Procedure: A) Preliminary treatment of residue:Ag2O + 4 NH3 + H2O -> 2 Ag(NH3)2OH
The residue containing silver iodide is freed from organic matter by extraction with a suitable solvent, dried, and ground to pass a 40-mesh sieve. The powdered residue is shaken with sufficient concentrated ammonia (sp. gr. 0.90) to dissolve all soluble silver salts. The suspension is filtered on a Buchner funnel and the filtrate (1) is reserved for subsequent recovery of silver by reduction with sodium dithionite solution.
The insoluble silver iodide is washed with water on the filter, dried, and weighed. (It is desirable to know the weight of silver iodide because a subsequent reaction involving the reduction of iodic acid with sodium dithionite requires exact quantities.)
B) Recovery of silver:AgI + Cl2 ---aqua regia---> AgCl + ICl
AgCl + 2 NH3 -> Ag(NH3)2Cl
2 Ag(NH3)2Cl + Na2S2O4 + 2 H2O -> 2NaCl + 2Ag + 2(NH4)2SO3
The powdered silver iodide (40-mesh) is treated with excess aqua regia (under hood). A solution consisting of 81 mL of concentrated nitric acid (sp. gr. 1.42) and 216 mL of concentrated hydrochloric acid (sp. gr. 1.19) is suitable for each 100 g. of silver iodide
*. The reaction proceeds vigorously but not violently. The mixture should be shaken frequently for 5 minutes until the initial vigorous reaction has subsided. The suspension is then heated gently on the steam bath for 25 minutes, with occasional shaking
**. The contents of the reaction vessel are then diluted with 330 ml. of distilled water and cooled in ice. The silver chloride is filtered on a Buchner funnel and washed with distilled water on the filter. The filtrate (II) is reserved for recovery of iodine. Silver chloride obtained in the reaction is dissolved in concentrated aqueous ammonia and combined with the previous ammoniacal filtrate (I)
***. This solution is treated with an excess of a 6 per cent solution of sodium dithionite, (ammonium formate works too) which quantitatively precipitates pure silver as a grey powder. The silver is washed with distilled water and dried. This method of recovering silver from silver chloride appears preferable to reduction with zinc or by other agents involving heterogeneous reactions.
* The quantities given in the subsequent description apply to 100g-lots of silver iodide.
** If the silver iodide contain no lumps, this treatment suffices for practically complete conversion to silver chloride.
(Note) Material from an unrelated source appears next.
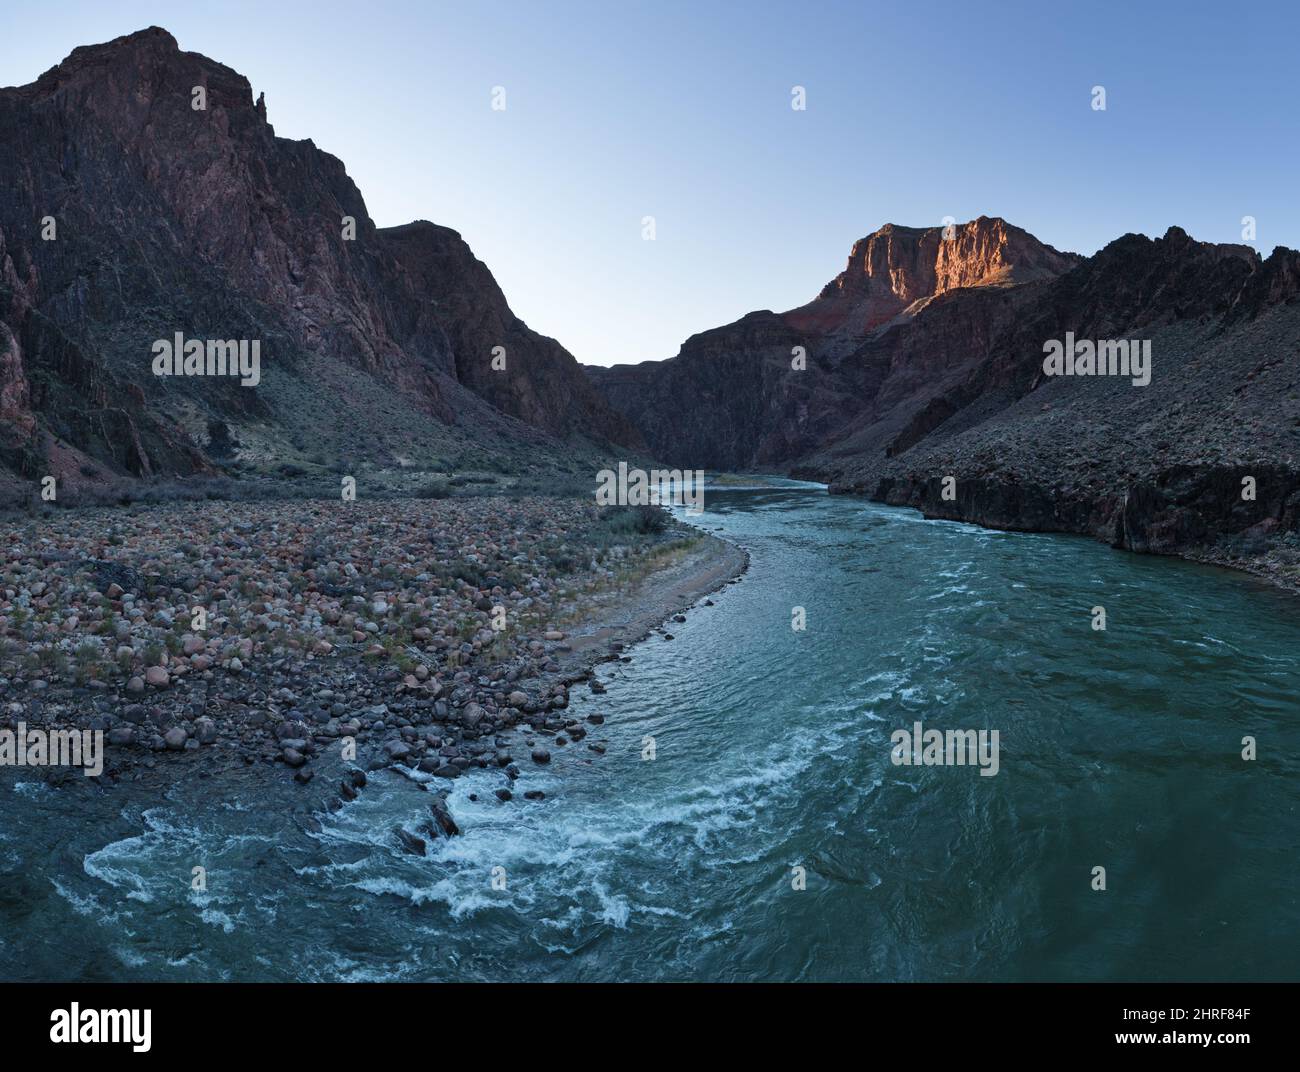 Le fleuve Colorado coule dans la gorge intérieure du parc national du Grand Canyon, en Arizona Banque D'Images

However, a test for completion of the reaction may be made by removing a small quantity of the precipitate, which after washings with water should all dissolve in concentrated ammonia solution.
*** Any residue remaining undissolved in ammonia should be treated again with aqua regia. Ammoniacal silver chloride solutions should not be allowed to stand too long before precipitating the silver since some insoluble material separates, which, on occasion, has produced violent explosions.